Gerusalemme, che significa “pacifica”, raffigura la vita nuova, cioè la vita di penitenza. Dice Isaia: “Il mio popolo dimorerà in una pace meravigliosa, nelle tende della fiducia e nella quiete della ricchezza” (Is 32,18). Felice condizione, nella quale c’è la grazia della coscienza tranquilla, la fiducia della condotta santa, la ricchezza della carità fraterna. Perciò, come la stella richiamò i Magi dall’oriente, così la grazia divina richiama i peccatori dalla vanità del mondo alla penitenza, affinché ricerchino il nato Re, cercandolo lo trovino e trovatolo lo adorino.

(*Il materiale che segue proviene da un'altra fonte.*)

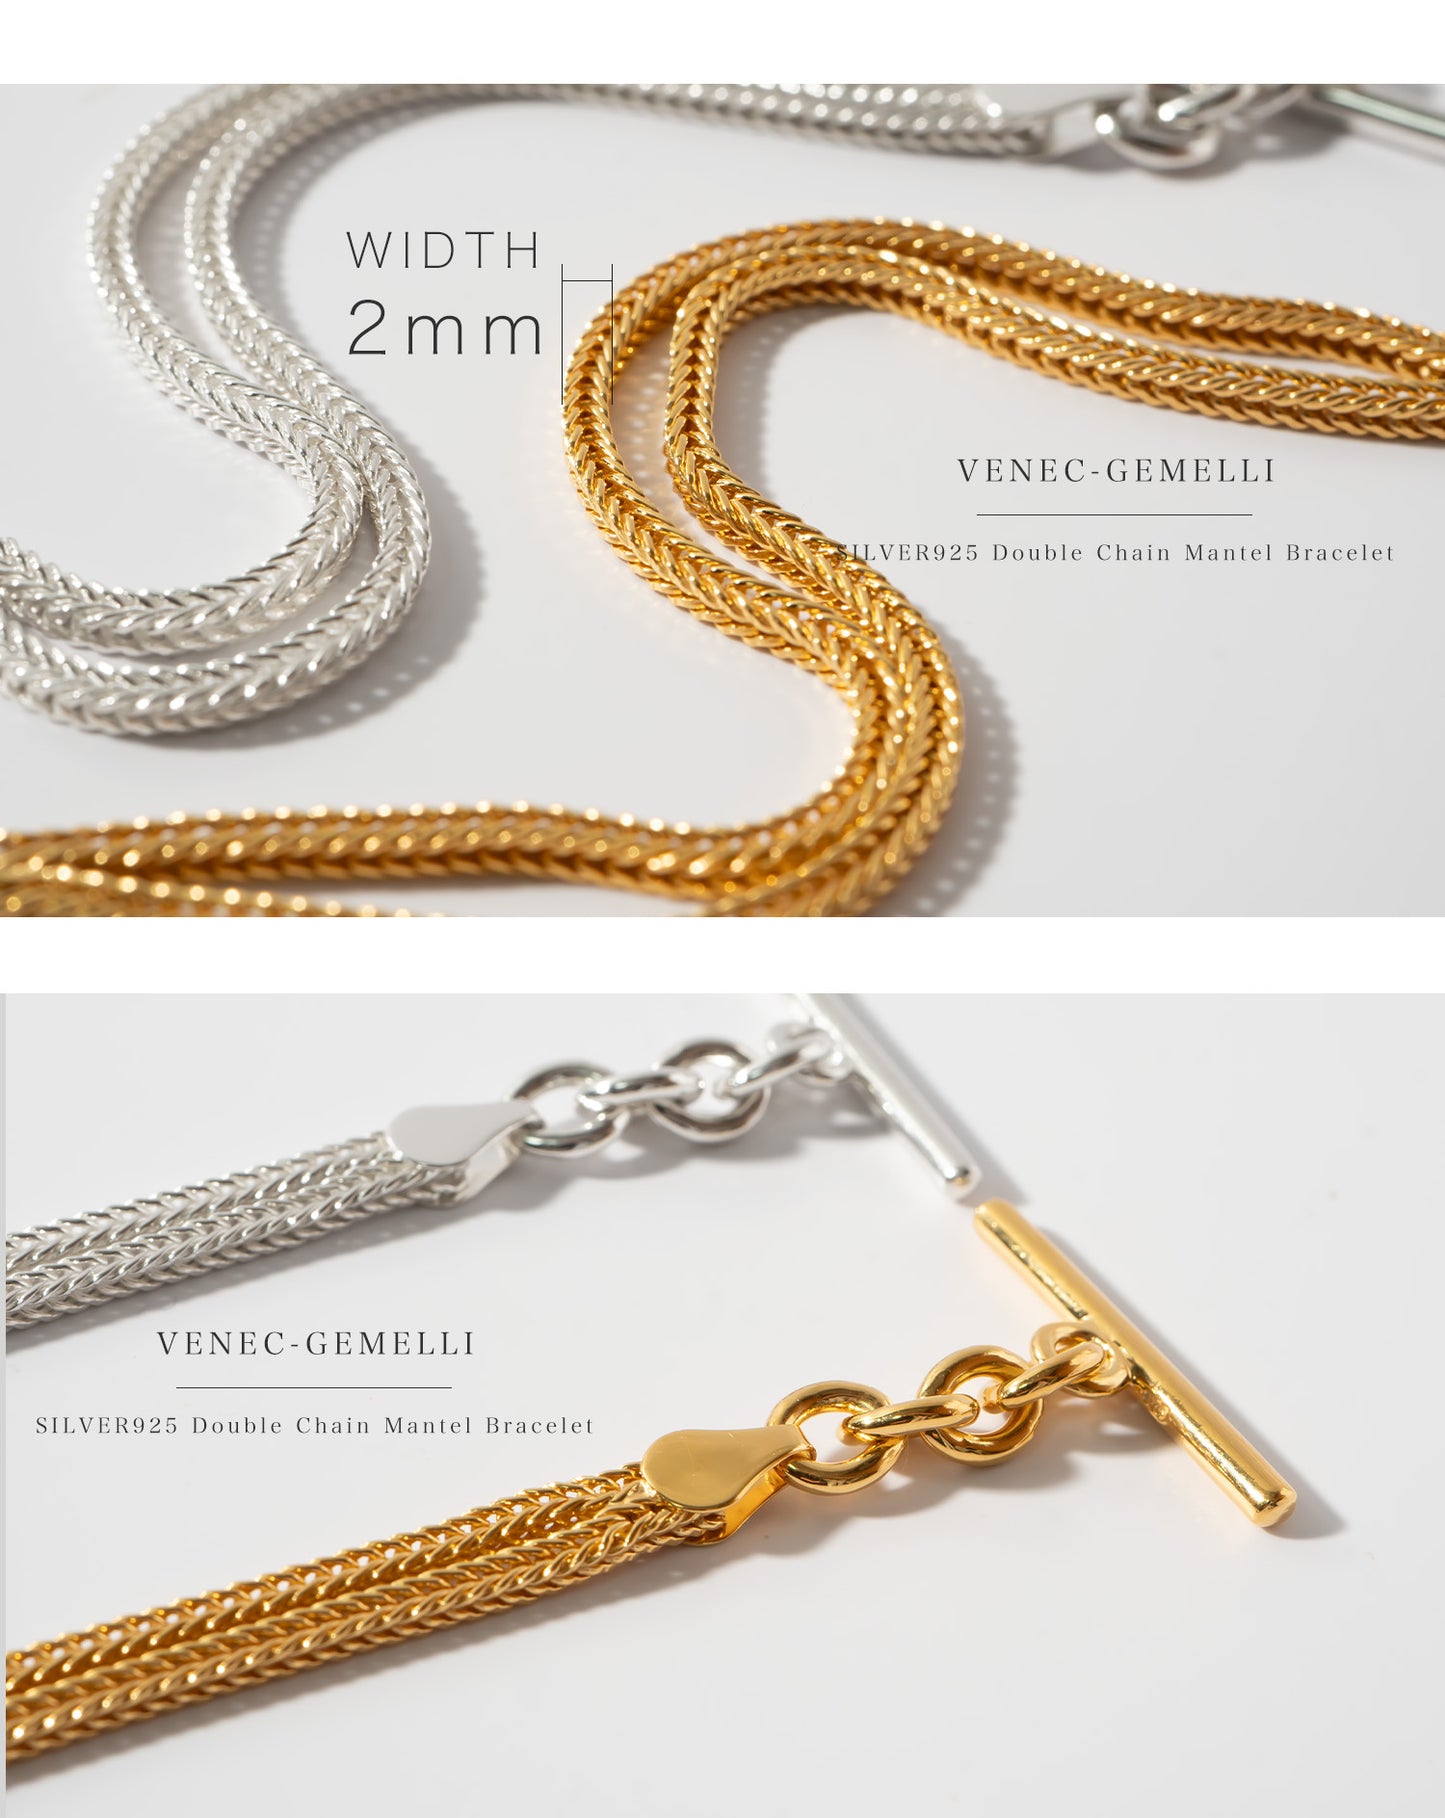 Double Chain Mantel Bracelet | VENEC-GEMELLI BRACELET
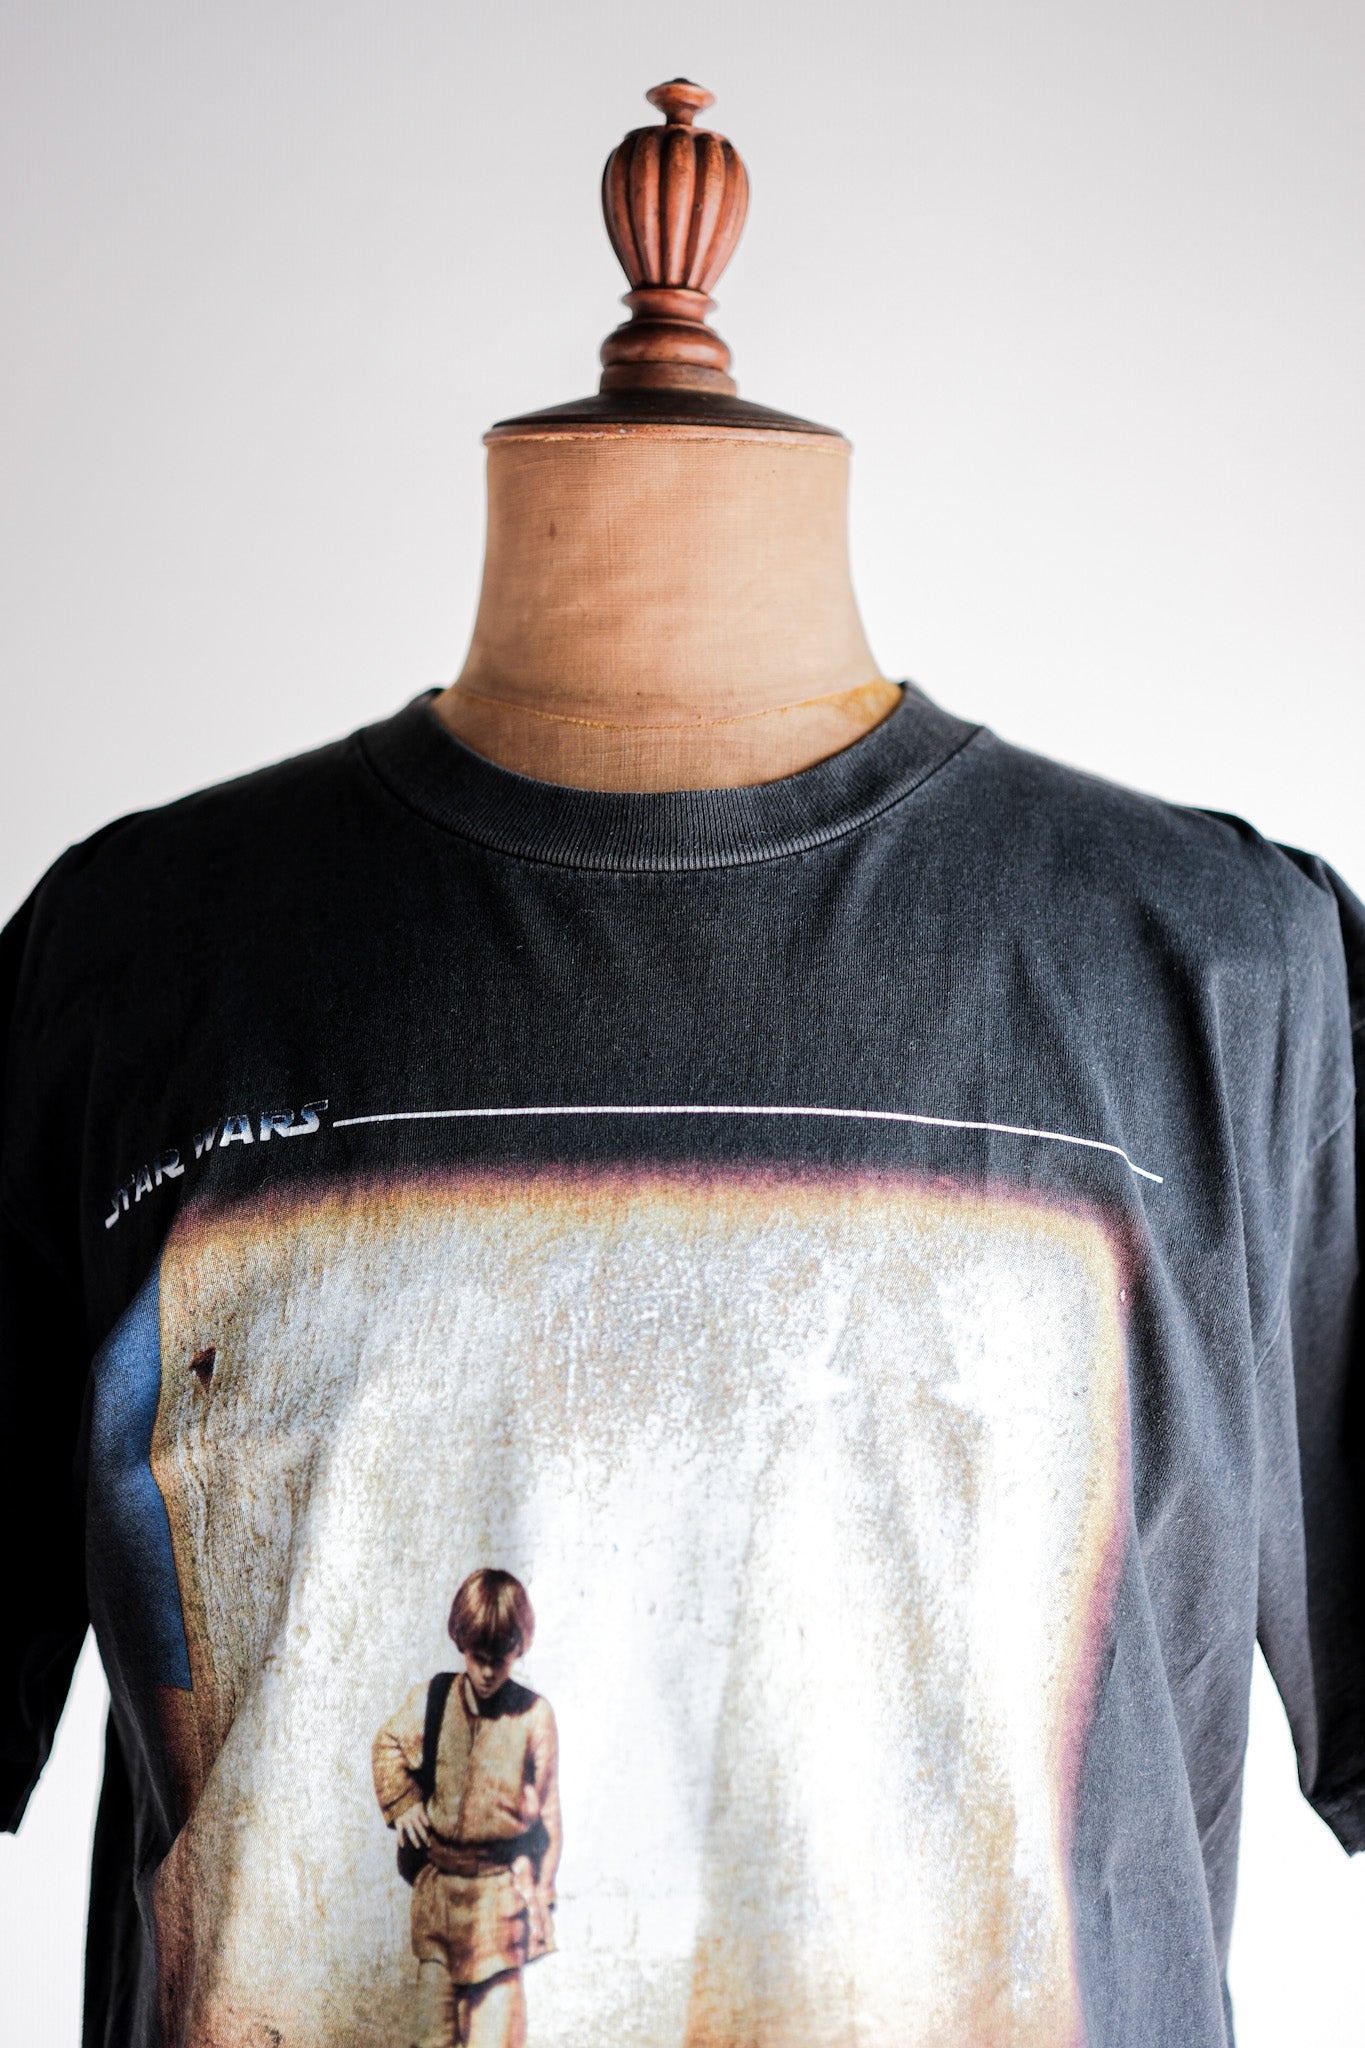 [~ 90's] T-shirt imprimé de films de bootleg vintage "Star Wars Episode I"

“Dov’è il Re dei Giudei, che è nato?”. Vale a dire: Dov’è il Re di coloro che confessano i loro peccati, il Re dei penitenti? Cercano il Re dei penitenti, che è nato in loro, coloro che promettono di fare penitenza. Noi, dicono, che abitavamo in oriente, che eravamo presi dalla vanità del mondo, abbiamo visto la sua stella, cioè abbiamo ricono­sciuto la sua grazia, e così “per mezzo di lui”, per sua grazia, “siamo venuti ad adorarlo” (Mt 2,2).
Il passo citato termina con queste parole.